I completely agree with you.
I guess checking on hp->h_addr_list[1] was used for optimization. In  
certain cases this could avoid the need to do a reverse lookup and  
then go from this new host-name. For instance in version 2.1.11 this  
mechanism was correctly implemented (the ip count was made outside the  
if clause). However:

- this shortcut only works when the initial name is canonical
- if the host has only one interface (one ip) a reverse lookup will be  
still done, even when the initial name was in fact canonical
- if the host is multi-homed, but does not have a canonical name (the  
first name of each interface is not identical) this procedure will  
only get the ip addresses of the strain which contains the initial  
name. And this is independent of weather we do a reverse lookup or not.

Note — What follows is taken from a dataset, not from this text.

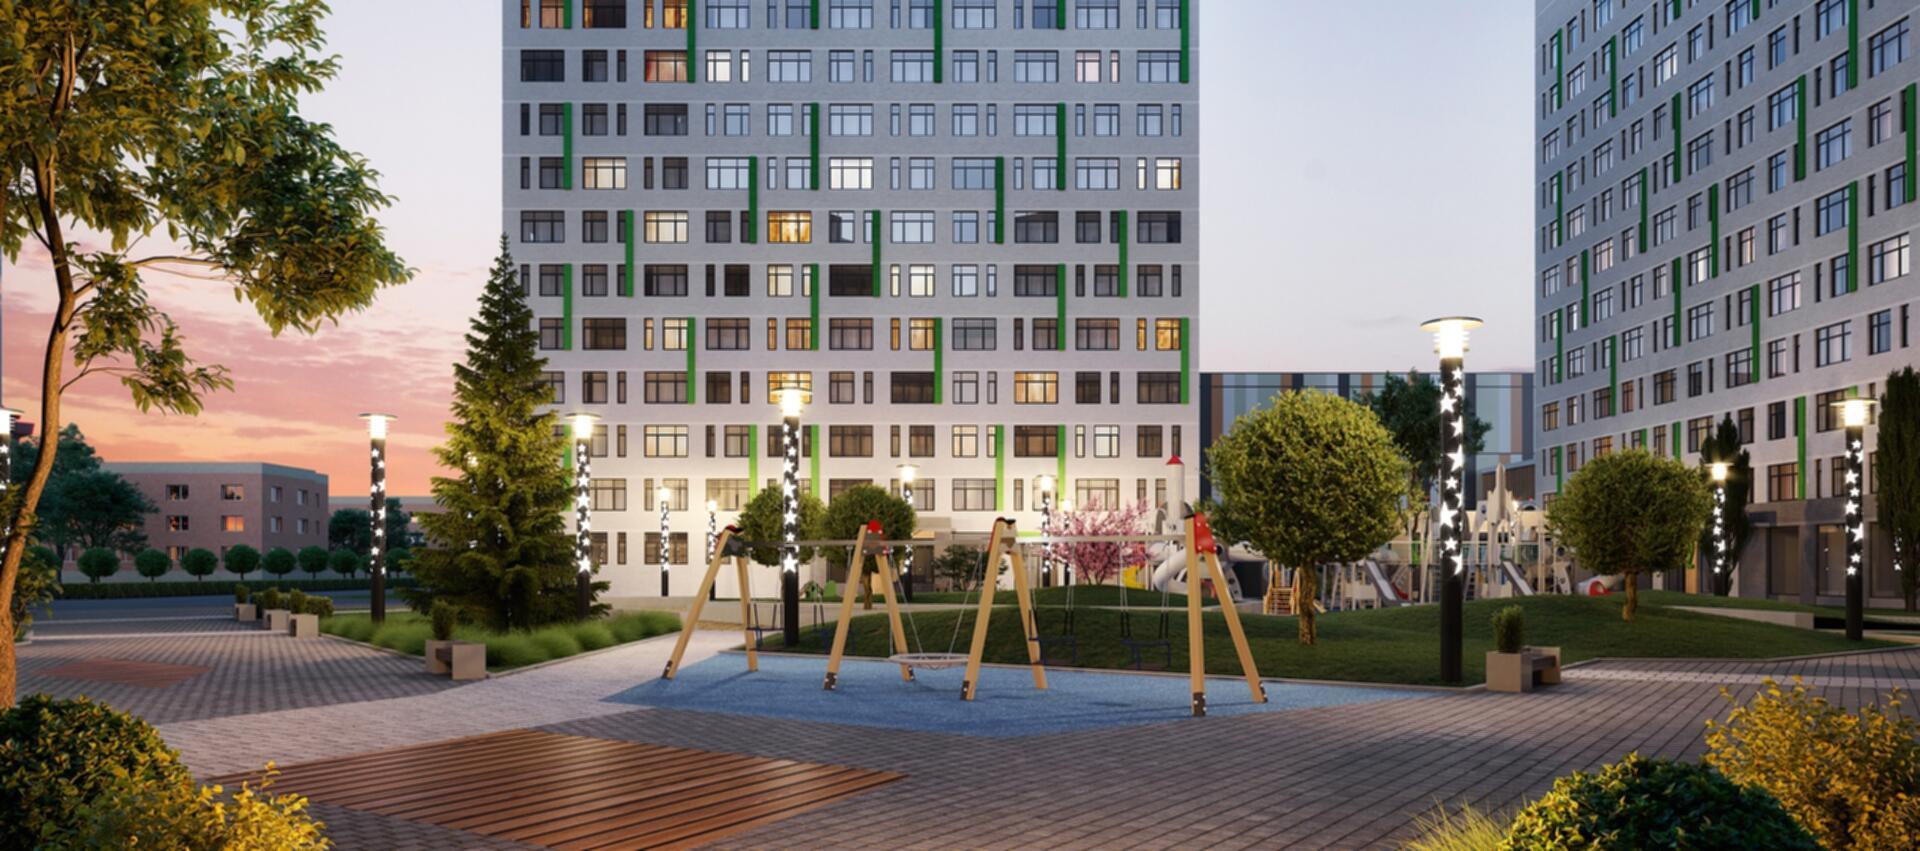 Квартир в новостройке возле ТРЦ «Сити Молл» со скидкой 300 000 рублей

So yes. I agree that it should be no problem to skip the predicate for  
hp->h_addr_list[1]. I just would like to emphasize that either way if  
there is no canonical host-name torque will not get the full set of  
ip's. This should not be a problem. After all one can chose what  
network torque should communicate on by  selecting corresponding host- 
names in the server_priv/nodes file. Of course I am not aware of the  
possible reasons torque might want to know any extra ip's.

Best regards,

P.S. I am sorry for not submitting a correct e-mail replay, but for  
some reason the torqueusers mailing list does not send me any messages.

> Michael,
> I looked at the function process_host_name_part in node_func.c and I  
> do not understand why it even cares whether hp->h_addr_list[1] is  
> NULL or not. It appears the function is interested in finding an  
> array of addresses for objname along with an aliases without a :ts  
> in the name and its type.
>  if (hp->h_addr_list[1] == NULL)
>     {
>     /* weren't given canonical name */
> The comment seems to indicate if hp->h_addr_list[1] is NULL then we  
> don't have a canonical name. Can anyone explain why hp- 
> >h_addr_list[1] has to be non-null to be canonical?
> Unless there is a compelling reason not to I think we should just  
> skip the predicate for hp->h_addr_list[1] and simply process the  
> address and name information received from gethostbyname().
> Ken Nielson
> Cluster Resources, Inc.
>> ----- Original Message -----
>> From: "Michael Marti" <michael.marti at ist.utl.pt>
>> To: torqueusers at supercluster.org
>> Sent: Monday, March 30, 2009 7:05:06 PM GMT -07:00 US/Canada Mountain
>> Subject: [torqueusers] Problem with canonical hostnames in mom_priv/ 
>> nodes file
>> Dear All
>> We are using torque-2.3.6 on aix (AIX r1blade066 3 5 00003222D100)
>> On the head-node in /etc/hosts compute nodes have the following  
>> entry:
>>     r1blade001 r1blade001m r1blade001q      # Rack 1,
>> BladeCenter1, blade 1
>>    r1blade001 r1blade001i   # Rack 1, BladeCenter1,  
>> blade 1
>> If we specify the nodes with the m suffix (as in r1blade001m) in the
>> file server_priv/nodes everything works. However if we specify the
>> host without suffix (as in r1blade001) pbs_server exits with the
>> following error:
>> PBS_Server: process_host_name_part, no valid IP addresses found for
>> 'r1blade001' - check name service
>> PBS_Server: pbsd_init(setup_nodes), could not create node
>> "r1blade001", error = 15010
>> PBS_Server: PBS_Server, pbsd_init failed
>> In the file src/server/node_func.c in the function
>> process_host_name_part() the host ipaddrs are not counted in case we
>> had more than one address on line 970. Essentially there should be  
>> one
>> more section counting the ip addresses after line 1126.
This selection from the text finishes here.